The school was first recorded in 1476 as a chantry school and was re-established as a grammar school between 1548 and 1553. The 1693 financial endowment of Sir Thomas Cookes, 2nd Baronet (1648–1701) of Norgrove Court in Worcestershire, produced the first buildings on the present site and the historic link with Worcester College, Oxford, which he founded. The arms of Cookes (Argent, two chevronels between six martlets 3, 2 and 1 gules) were adopted by both Worcester College and Bromsgrove School. John Day Collis became head-master in December 1842. The tercentenary of the grammar school was celebrated on 31 March 1853. In 1856, Collis had the chapel and new school rooms built, and existing buildings enlarged and improved. In 1869 Bromsgrove was one of the fourteen founding schools of the Headmasters' Conference.

=== Second World War ===
During the Second World War, the entire school was temporarily moved to Llanwrtyd Wells in Wales, as the school buildings were requisitioned by British government departments for the war effort. Many former pupils and members of staff were killed during the Second World War, and their names are commemorated at the war memorial of the town.
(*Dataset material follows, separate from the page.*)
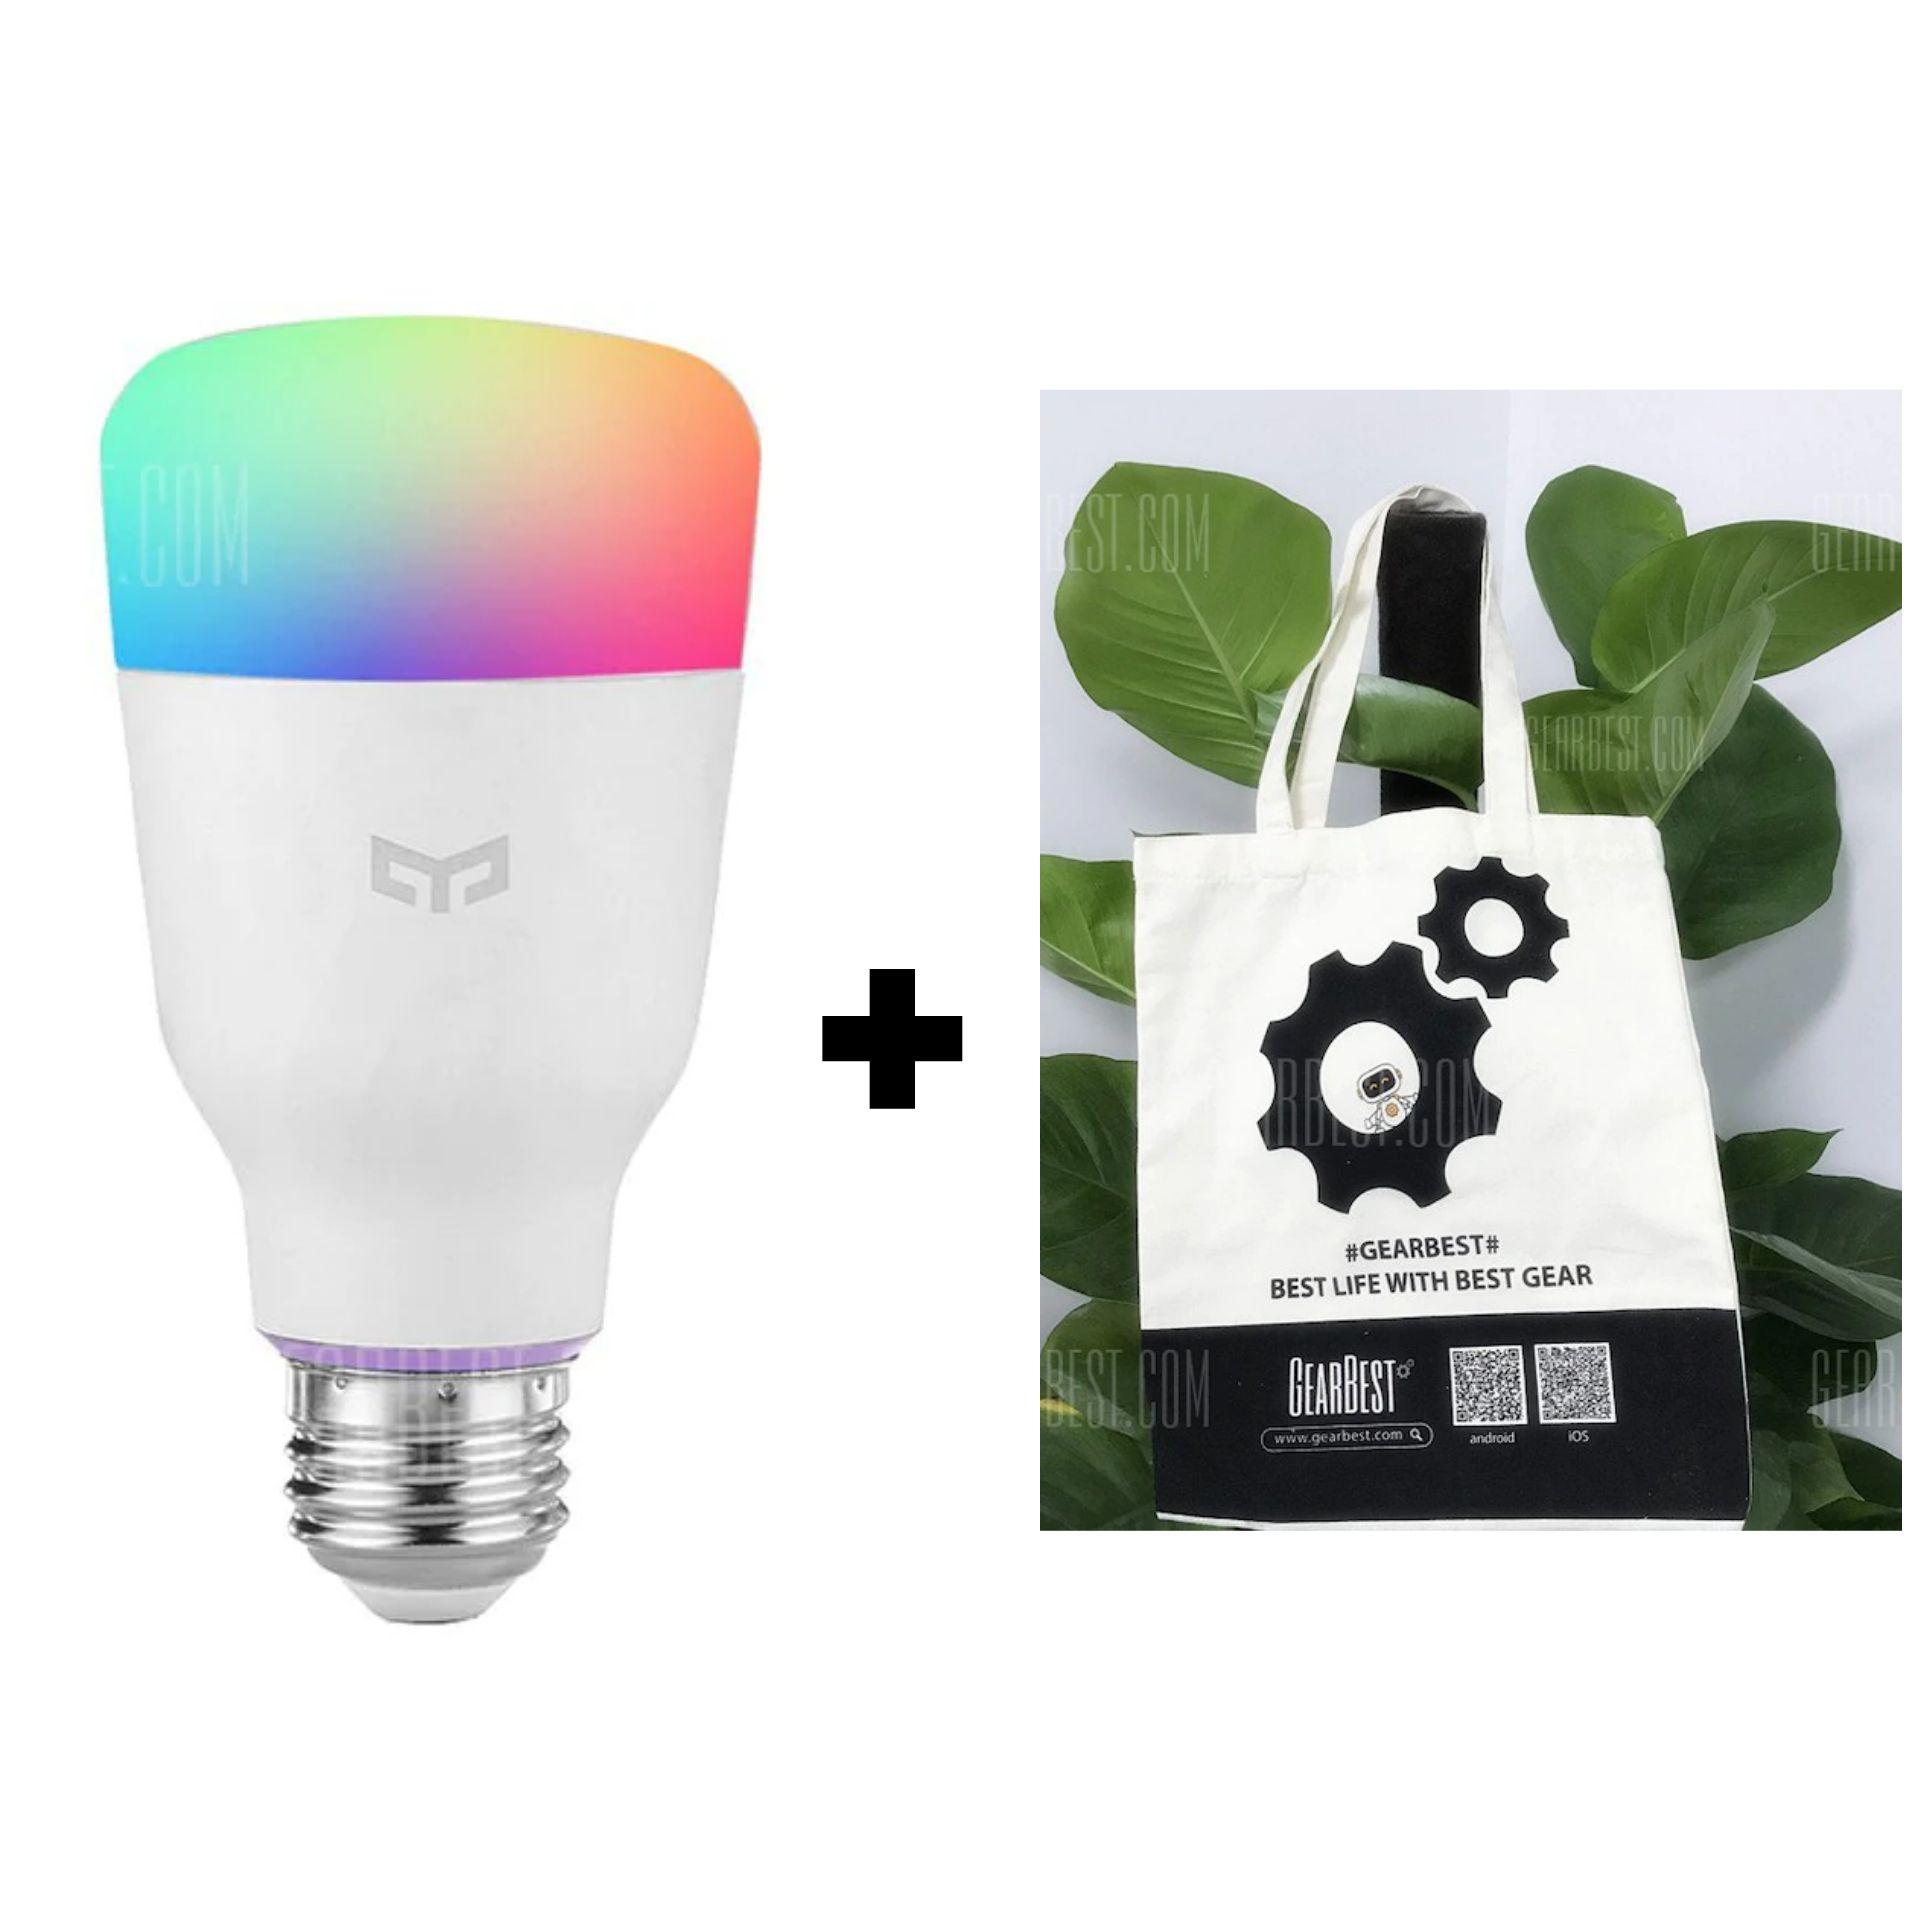 [Gearbest] Yeelight RGB Bulb + Gearbest Handtasche aus EU Lager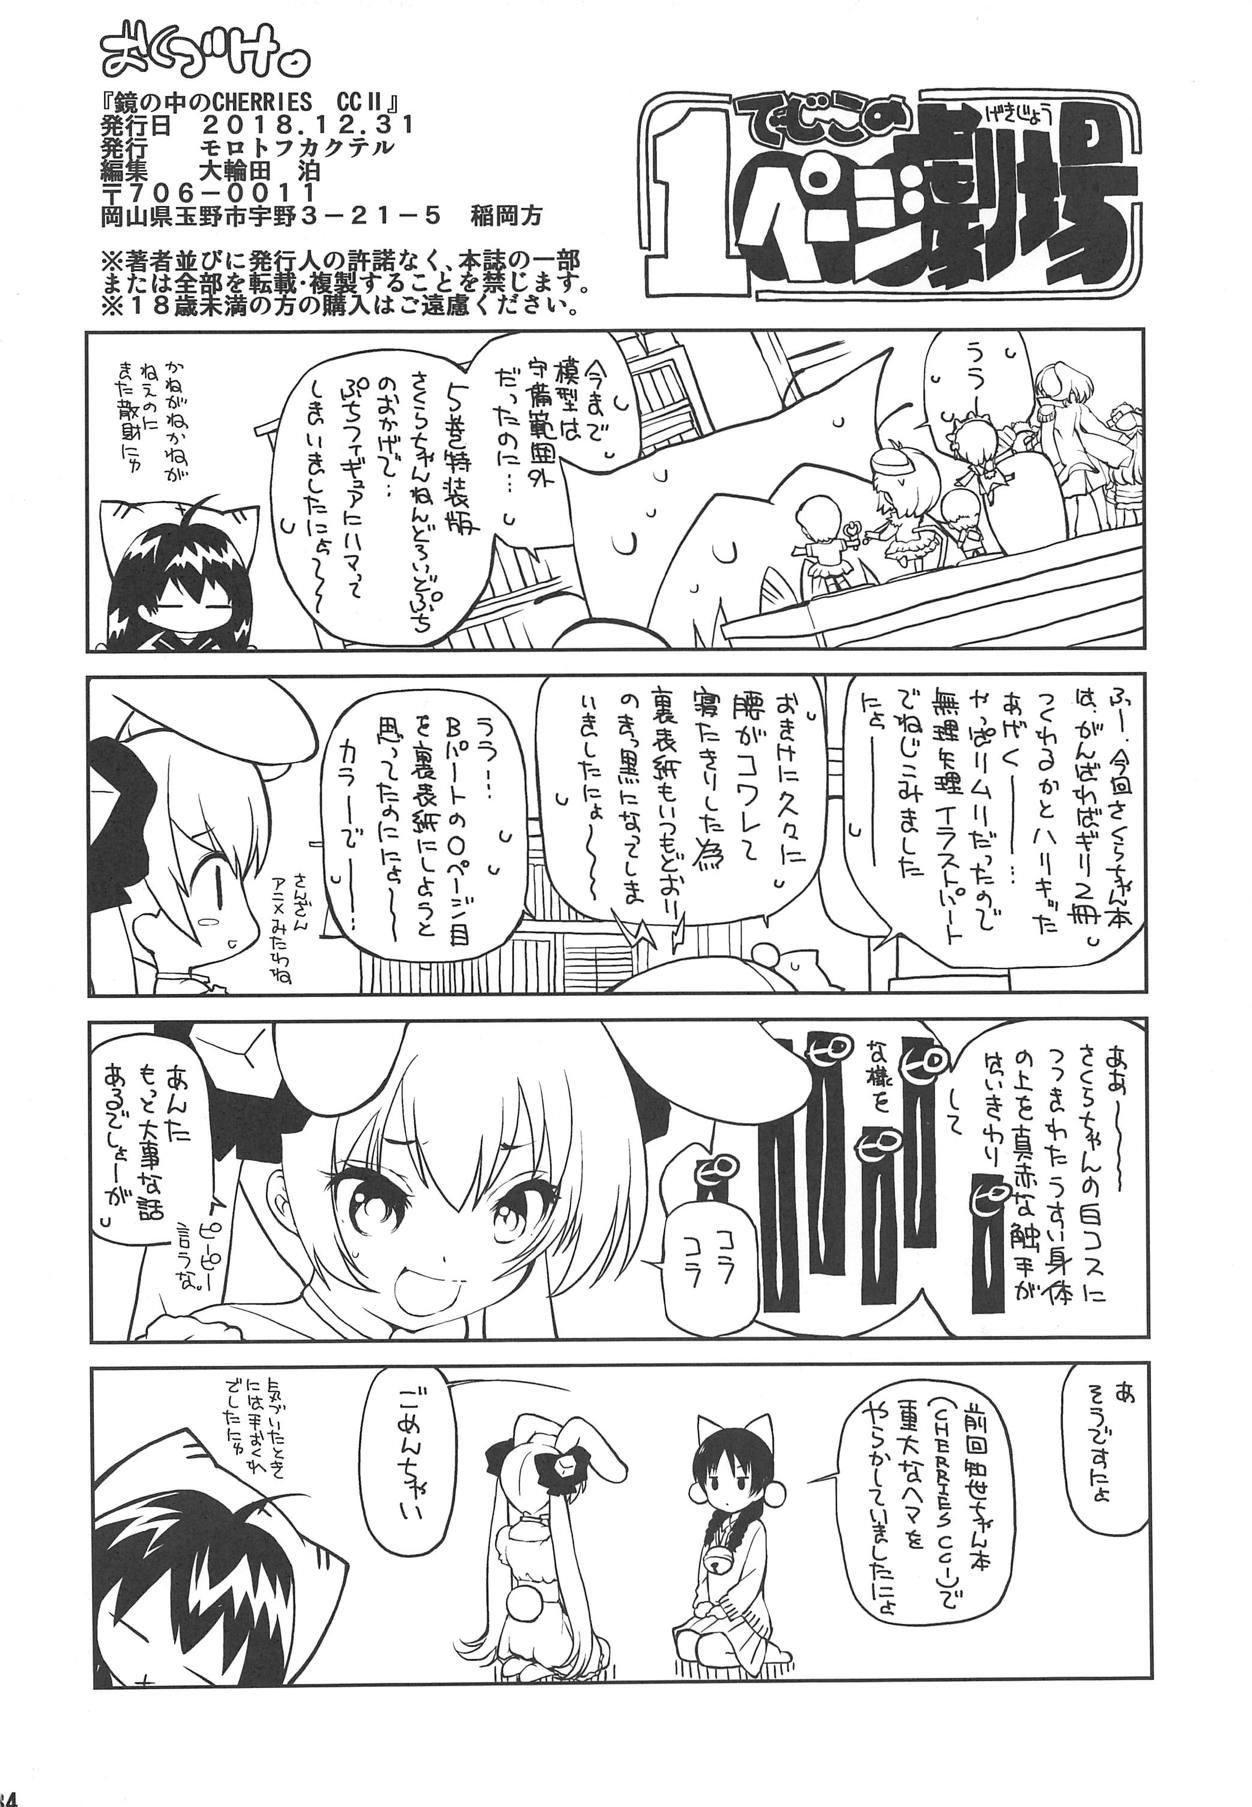 Kagami no Naka no CHERRIES CC II 32

In 2007, the school was granted the freedom of Llanwrtyd Wells.

=== Overseas ===
In 2002, the school established Bromsgrove International School Thailand (BIST) in Thailand. Then, in 2016, the school opened Bromsgrove School Mission Hills, in Shenzhen, China.

==Scandals==
===Financial===

In 2005, the school was one of fifty of the country's independent schools which were found guilty of running an illegal price-fixing cartel, exposed by The Times, which had allowed them to drive up fees for thousands of parents. Each school was required to pay a nominal penalty of £10,000 and all agreed to make ex-gratia payments totalling £3 million into a trust designed to benefit pupils who attended the schools during the period in respect of which fee information was shared.

===Abuse===
Richard Knight, an Organist and assistant director of music at Bromsgrove School was jailed for two years in 2018 for having sex with two girls from Bromsgrove School on school property, as well as at his own home, inside his car and on the school's USA 2010 Chapel Music Tour.
Judge Jeremy Baker QC, speaking at Worcester Crown Court on Friday, 23 November 2018, told Knight, 53, that the two victims had "particularly vulnerable" emotional backgrounds. "You knew that and that was why they were specifically targeted over and above other children at school", he said.
The judge described Knight's behaviour as "predatory" and that there was a "significant degree of planning".
Mr Knight, previously the conductor of Malvern Festival Chorus, had begun the second affair after the first one ended, and taught both pupils at the school. Knight had sex with one of the victims for the first time at her own home while her parents were out during Christmas Eve. The victim would often have to ride her bicycle to various pharmacists to get morning after pills.
The court also heard evidence that Knight's wife had been a pupil of his at a school he worked at previously. They married in 2002.

==Students==
Bromsgrove School has boarding and day students and consists of three schools, pre-prep nursery school (ages 2-7), preparatory school (ages 7-13) and the senior school (13-18). The school has a total of 200 teaching staff, with 1,660 pupils, including 220 in the pre-preparatory school, 500 in the preparatory School and 940 in the senior school, of whom 60% are male and 40% female, 60% boarding and 40% day. As well as British students, there are more than three hundred from 49 different countries, especially Russia, Germany, China and Hong Kong.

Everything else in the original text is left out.